DOJ Spokesman Reportedly Pushes Back Against Roman Storm Charges
Federal prosecutors hit turbulence as internal dissent surfaces over high-profile crypto case.
The Charges Under Fire
Justice Department officials reportedly clashing over the legal foundation of charges against Tornado Cash developer Roman Storm—signaling potential cracks in the government's aggressive stance against privacy tools.
Behind the Scenes Tension
Insiders claim DOJ spokespersons expressed reservations about pursuing charges that could set problematic precedents for software developers. The internal pushback comes as the crypto industry watches closely—another case of regulators learning tech law on the fly at defendants' expense.
Is the DOJ Changing Its Stance Towards Tornado Cash and Storm?
As Fed Chair Jerome Powell is expected to speak there tomorrow, there’s a lot of attention on Jackson Hole, Wyoming, at the moment.
Earlier today, Matt Galeotti, the Acting Assistant Attorney General at the DOJ’s Criminal Division, gave a speech that resonated with followers of the Roman Storm case:
“Where the evidence shows that software is truly decentralized and solely automates peer-to-peer transactions, and where a third party does not have custody and control over user assets, new 1960(b)(1)(C) charges against the third-party will not be approved,” Galeotti claimed.

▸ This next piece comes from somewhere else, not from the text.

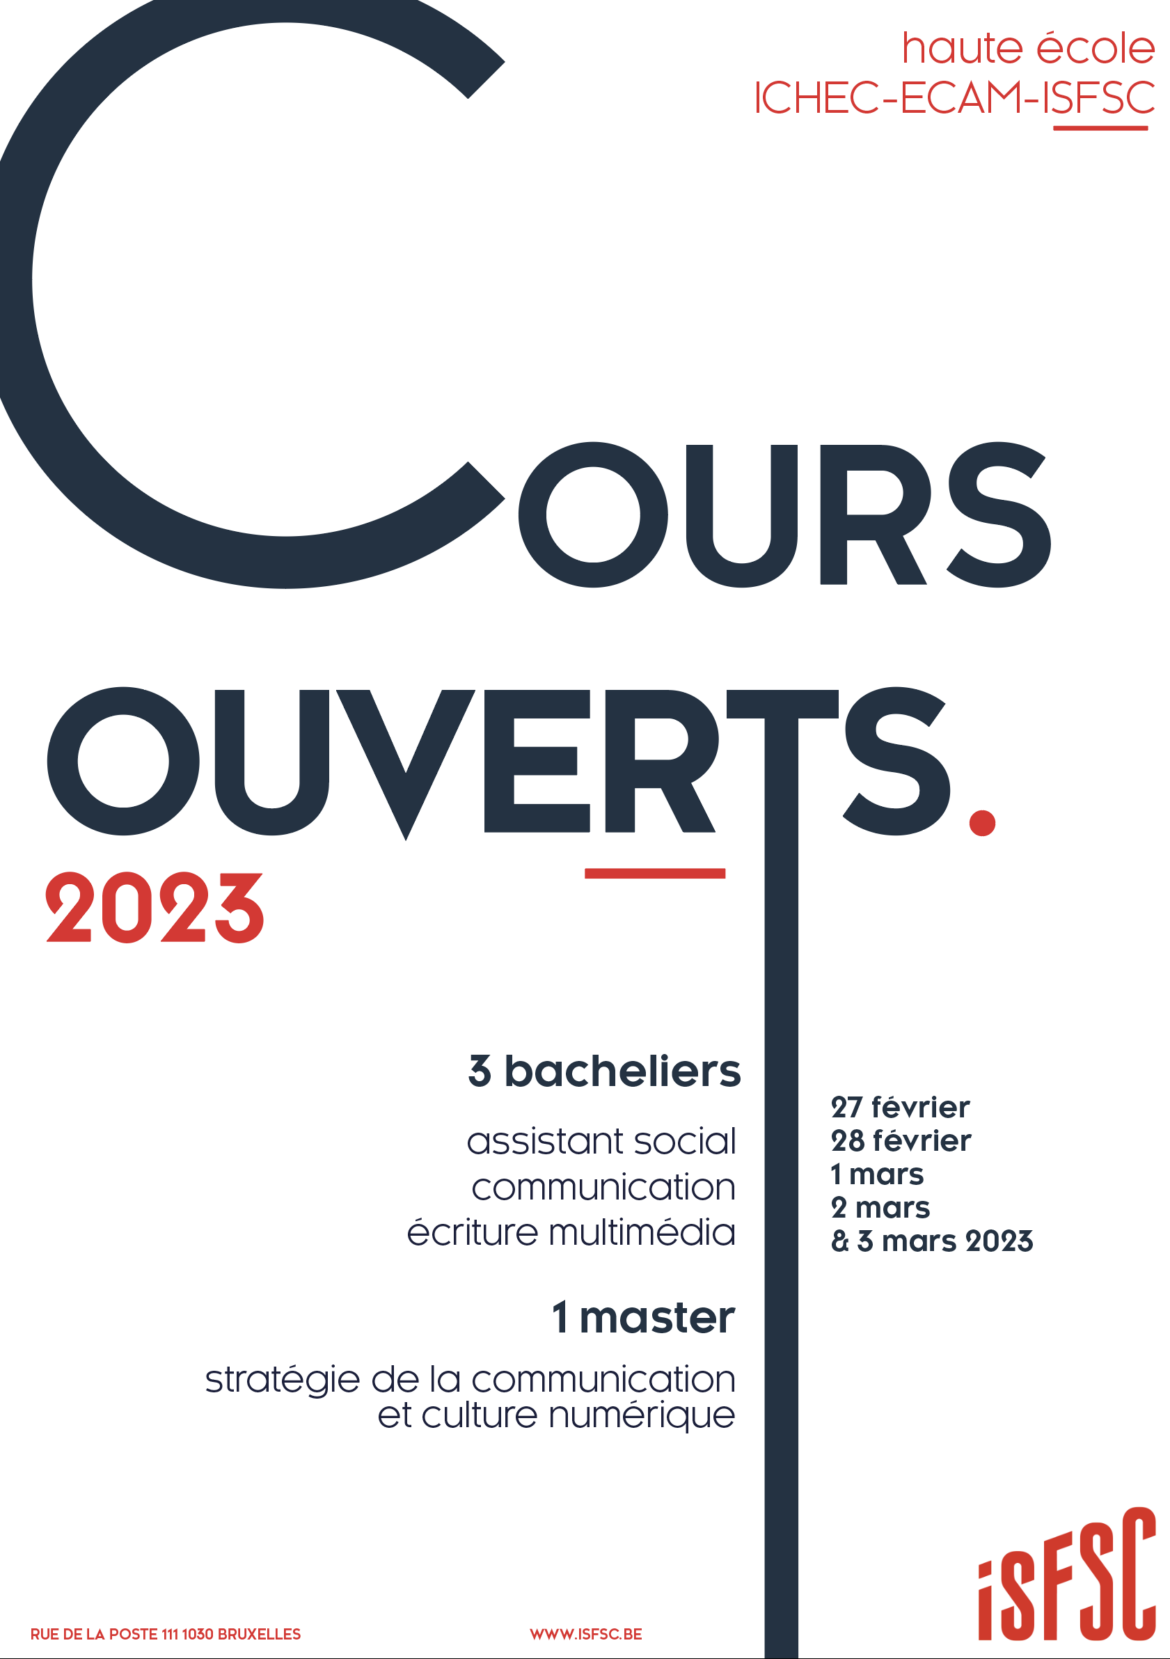 Cours-ouverts-2023-RS-.png

So, what is the meaning of this? Earlier this month, DOJ concluded its case against Tornado Cash founder Roman Storm, which resulted in one guilty verdict.
He was also found not guilty on another charge and a jury hung on a third. In any event, 1960(b)(1)(C) was the specific charge that prosecutors successfully nailed Storm on.
As the trial proceeded, crypto privacy experts rallied behind Storm, and influential federal finance regulators seemingly backed his position. In other words, Galeotti’s speech obliquely acknowledged that the DOJ won’t pursue charges like the Roman Storm case in the future.
Privacy Fans Rejoice, But Questions Remain
On-site reporters described a powerful reaction to this speech: the crowd gave a standing ovation, and long-term industry veterans teared up. Quotes like “well-intentioned innovators do not have to fear for their liberty” directly targeted the pro-crypto audience present.
Tornado Cash (@TornadoCash) is a decentralized privacy protocol using zero-knowledge proofs to break the onchain LINK between sender and receiver.
It is designed to provide privacy on a public blockchain.
Ethereum is for privacy.
Still, this isn’t necessarily a binding promise. Galeotti didn’t directly mention Roman Storm or the department’s case against him, which attracted a lot of criticism for its harsh tactics. Considering that this incident happened around three weeks ago, that’s a pretty significant omission.
Moreover, he explicitly stated that DOJ reserves the right to invoke 1960(b)(1)(C) in the future.
Still, all things considered, this is an important moment. DOJ has 12 different Assistant Attorneys General, each of whom controls an office or Division. Galeotti, therefore, has authority over the Criminal Division, which handles federal cases.
In other words, this promise can carry meaningful weight.